Chào các bạn! Vì nhiều lý do từ nay Truyen2U chính thức đổi tên là Truyen247.Pro. Mong các bạn tiếp tục ủng hộ truy cập tên miền mới này nhé! Mãi yêu... ♥

2 - 8

- Noell -

Otworzyłam oczy, napotykając ciemność. Harry wciąż leżał na moich piersiach, a jego usta były lekko rozchylone. Dlaczego się obudziłam? To proste : jestem strasznie głodna!

- Harry. - szepnęłam, delikatnie szarpiąc jego ramię.

- Humh? - mruknął z zamkniętymi oczami.

- Głodna jestem. - zero odzewu. - Harry! - powiedziałam głośno, a on podniósł głowę zdezorientowany.

- Co się dzieje? - wychrypiał, przez co zgryzłam wargę.

- Głodna jestem. - pogłaskałam się po brzuchu.

- Tylko dlatego mnie obudziłaś? - przetarł swoje oczy.

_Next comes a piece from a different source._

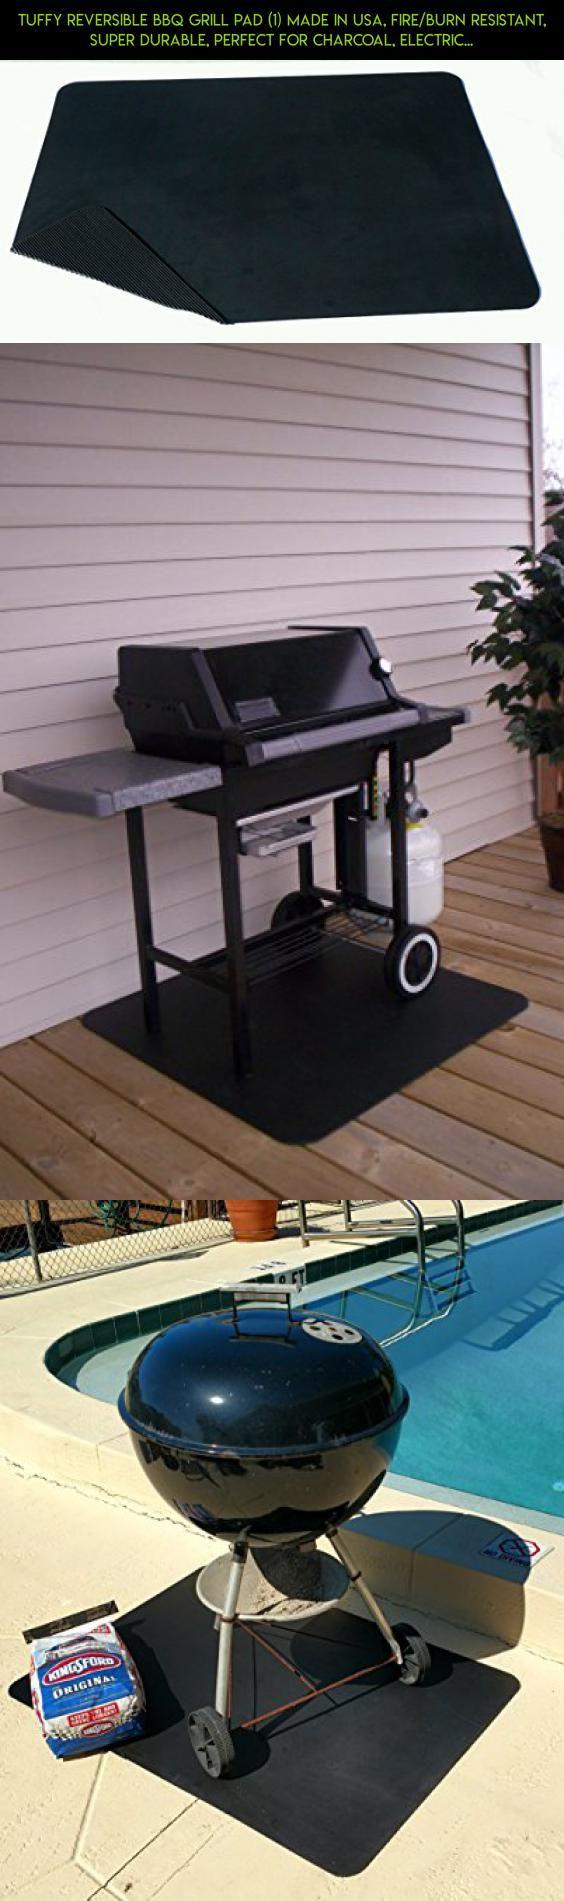 best 25 bbq gas grills ideas on pinterest outdoor gas grills

Pokiwałam głową, a on westchnął przeciągle. - Zrób sobie coś do jedzenia i idź spać. - nachylił się, aby zapalić lampkę.

- Ale zjadłabym coś, czego nie mamy w domu. - zastanowiłam się, a on spojrzał na mnie.

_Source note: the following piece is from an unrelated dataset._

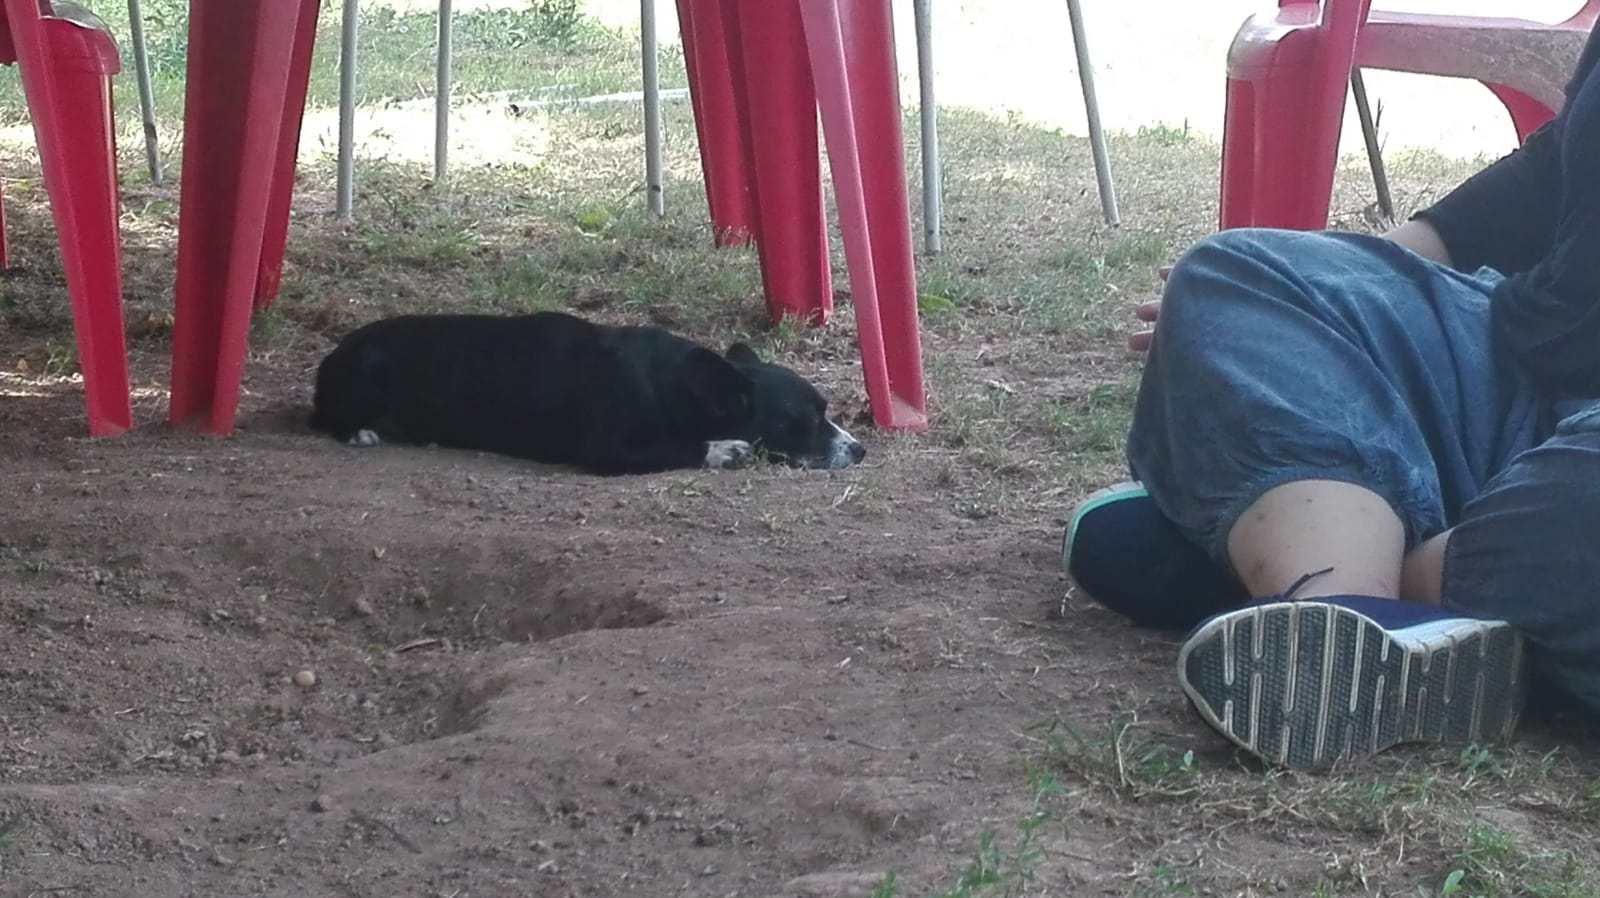 effetto del reiky sui cani Kareen Shiela Ottu

- Twoje zachcianki mnie męczą. - jęknął, rozkładając się ramionami. - Gdyby były o normalnej porze...

- Styles, nie zadzieraj z ciężarną kobietą. - ostrzegłam go. - Myślę, że teraz jestem gorsza niż ty. - założyłam ramiona na piersi.

Harry uniósł brwi i westchnął głośno. Wstał z łóżka i wyszedł z pokoju. Po jakichś dziesięciu minutach wrócił z gorącą czekoladą w dłoni i ciastkami. Położył na szafce obok mnie i wrócił do łóżka.

- A teraz, dobranoc. - pocałował szybko moje czoło i przykrył się kołdrą. Zgasił lampkę i zasnął.

Zjadłam wszystkie dwadzieścia ciasteczek i popiłam je czekoladą. Poklepałam swój brzuch i odstawiłam wszystko na szafkę. Nakryłam się kołdrą, po czym wtuliłam w plecy Harry'ego. Brunet odwrócił się przodem i objął ramionami.

- Zjadłaś? - wymruczał z zamkniętymi oczami.

- Tak, dzięki. - szepnęłam, całując jego policzek.

***

Obudziły mnie promienie słoneczne, które przedzierały się przez zasłony. Niechętnie otworzyłam oczy i spojrzałam w prawo. Styles'a już obok mnie nie było. Przeciągnęłam się, po czym wstałam z łóżka. Spojrzałam w ogromne lustro, które było na szafie i przeczesałam swoje włosy. Wyciągnęłam z szafy jakieś ciuchy i poszłam do łazienki. Wzięłam szybki prysznic, wytarłam się ręcznikiem i założyłam bieliznę. Naciągnęłam czarne joggery, białą bokserkę i białe skarpetki. Wysuszyłam swoje włosy i nałożyłam delikatny makijaż. Weszłam do pokoju, gdy zadzwonił mój telefon.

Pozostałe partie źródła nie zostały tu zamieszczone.